A bank contact of mine once commented rather snidely that it ‘sounds like you’re losing control’ when I told him that the bank campaign had grown far beyond RAN in the past six months. ‘Control? I wondered? Who ever said anything about control?’. The thing about social movements is that they are messy and diverse and colorful and …… decentralized. Yes, there is a tremendous value to a united voice – and I believe that a quick scan of the blogs and media coverage coming from bank campaigners around the US and the UK will show a remarkable sophistication of analysis and strategy, linked with common demands but strengthened by a diversity of tactics that range from shareholder activism, to non-violently hijacking coal-trains and raucous street-theater antics like the Billionaires for Coal.

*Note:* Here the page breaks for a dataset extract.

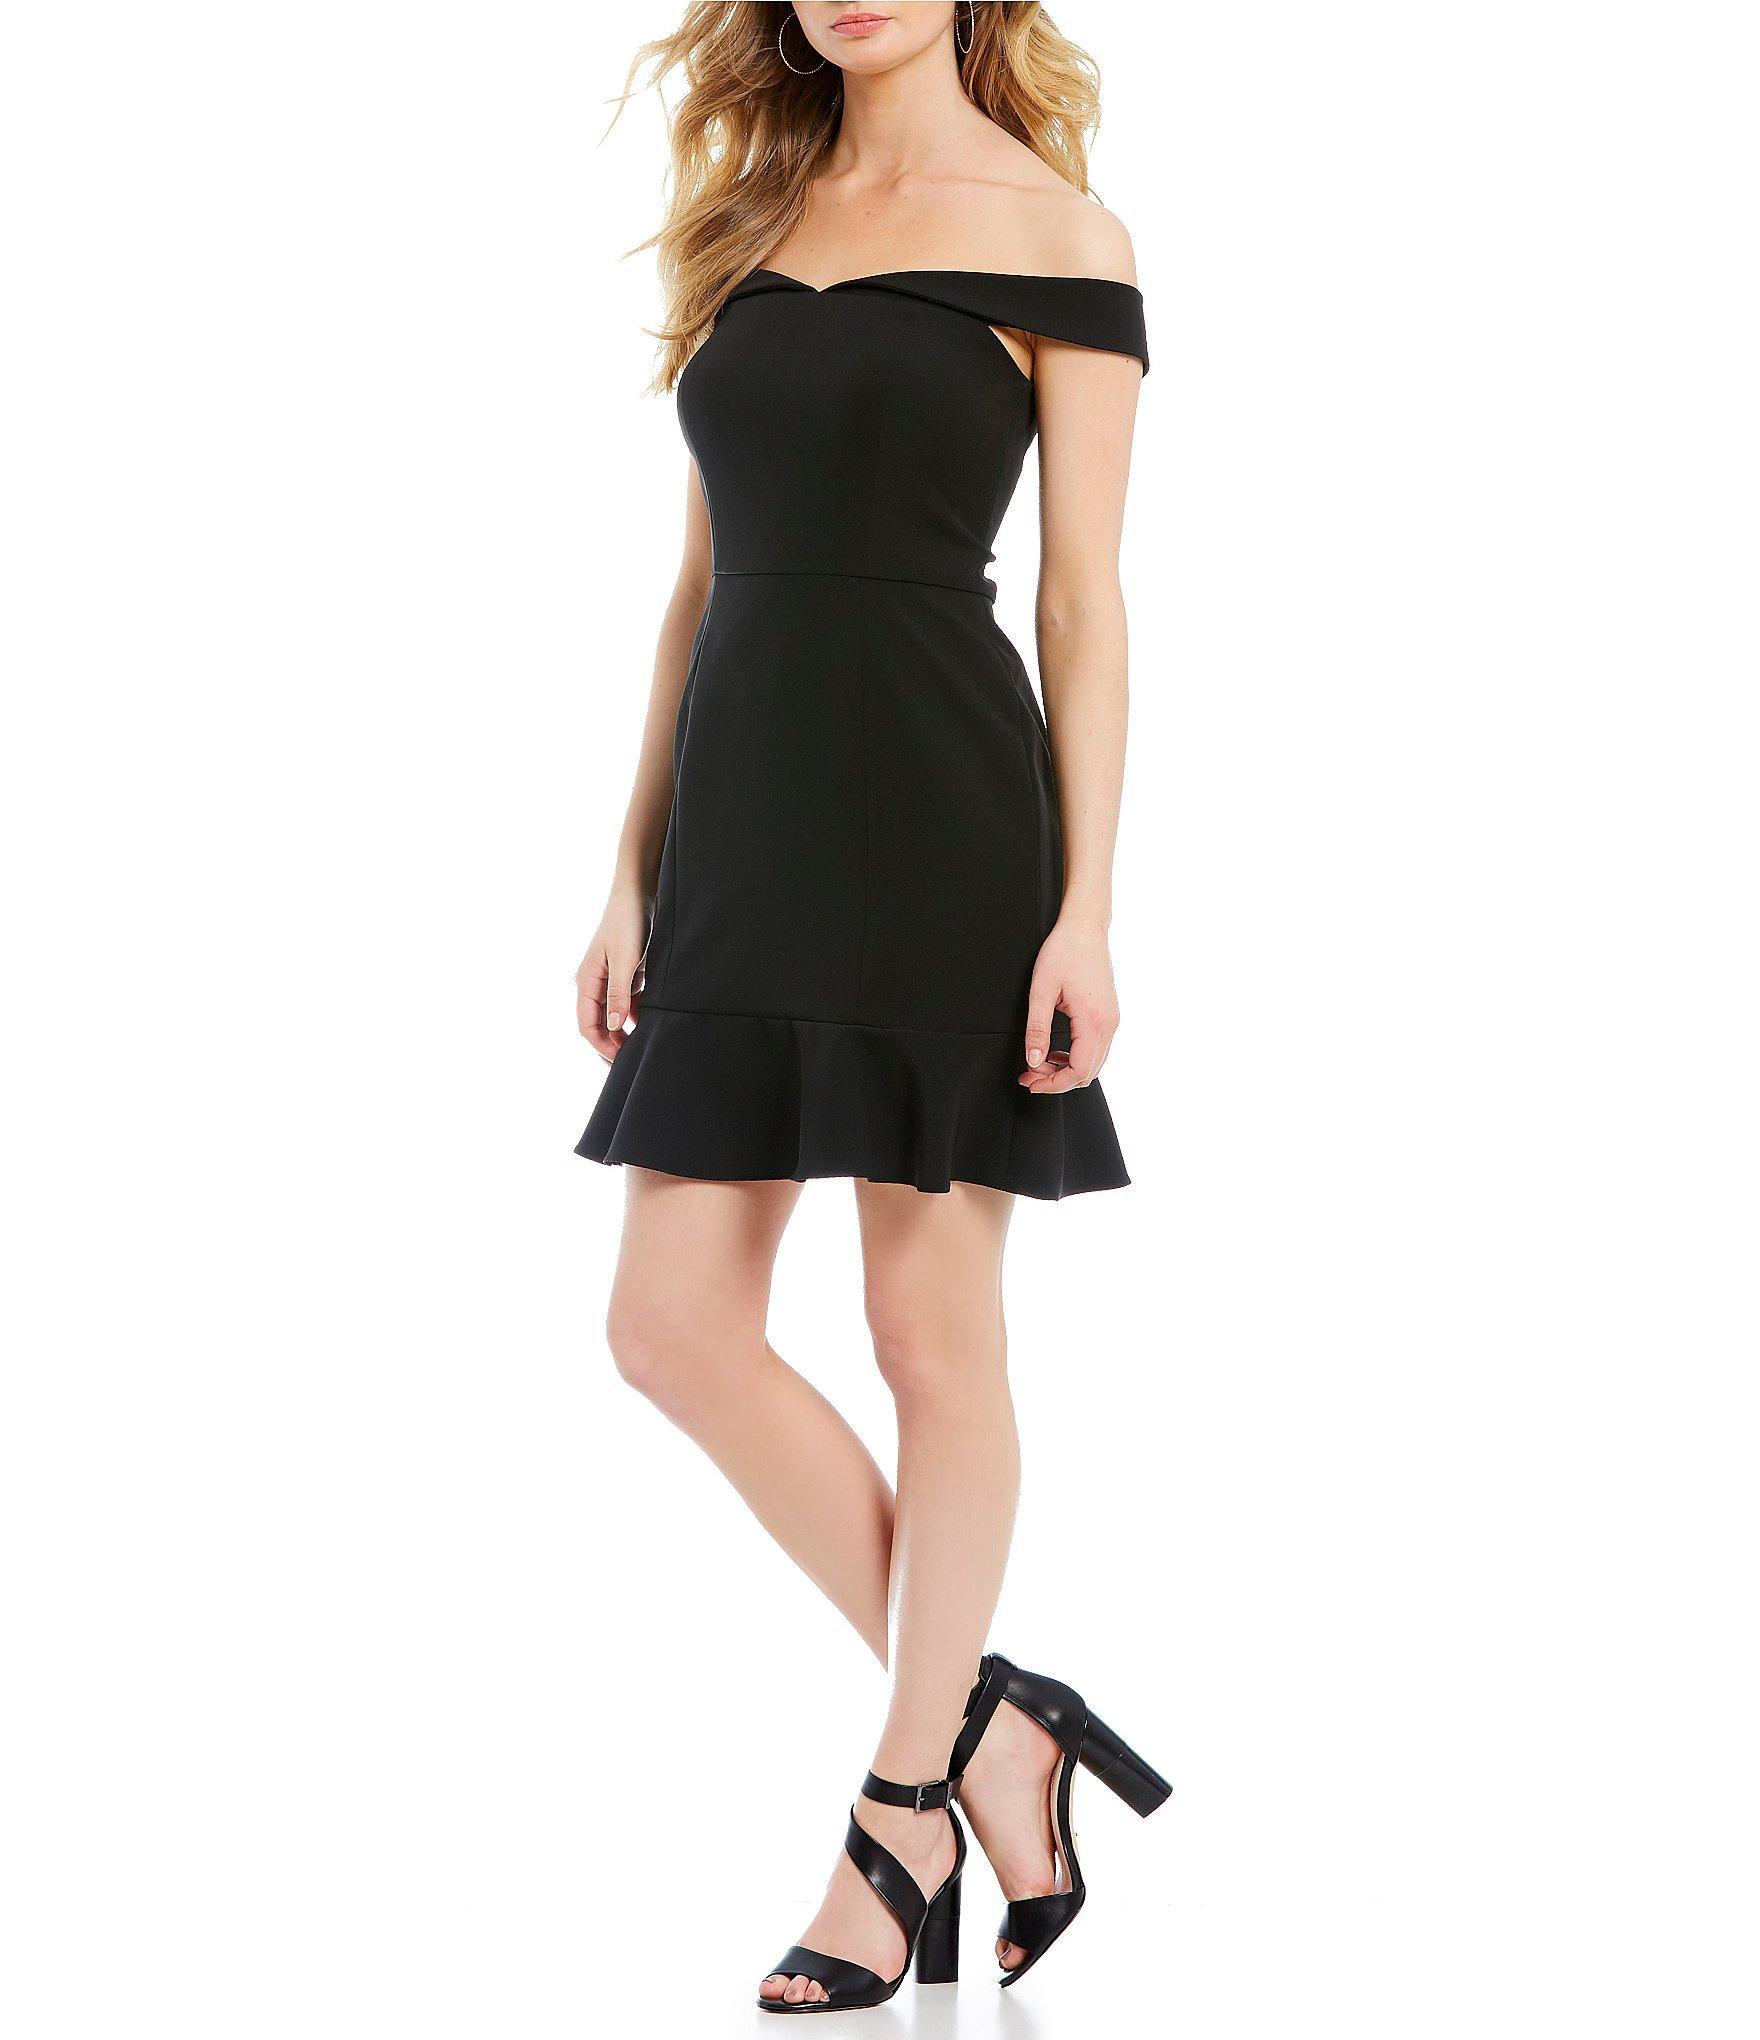 46e47530d2 Lyst - Gianni Bini Suze Off-the-shoulder Ruffle Hem Dress in Black

It may appear a little rag-tag sometimes, and it’s abundantly clear that there’s no one singular puppet-master at work. Which I suppose might be a confusing concept for someone working in a bank to grapple with. I mean, if no one is in control, who the heck do they talk to? Which frankly, isn’t a bad question but probably the subject of another post.
I wish I had thought of saying all of that in response to my contact’s comment – but in actual fact I think I responded with a blank stare and a mumble. Very (uncharacteristically, I swear) uncool of me. But as this opposition to banks financing of coal continues to grow and spread, I’m sure it won’t be the last time that someone says: ‘Will the real Billionaires please stand up?’ only to be answered by a thunderous sound as thousands of people get to their feet.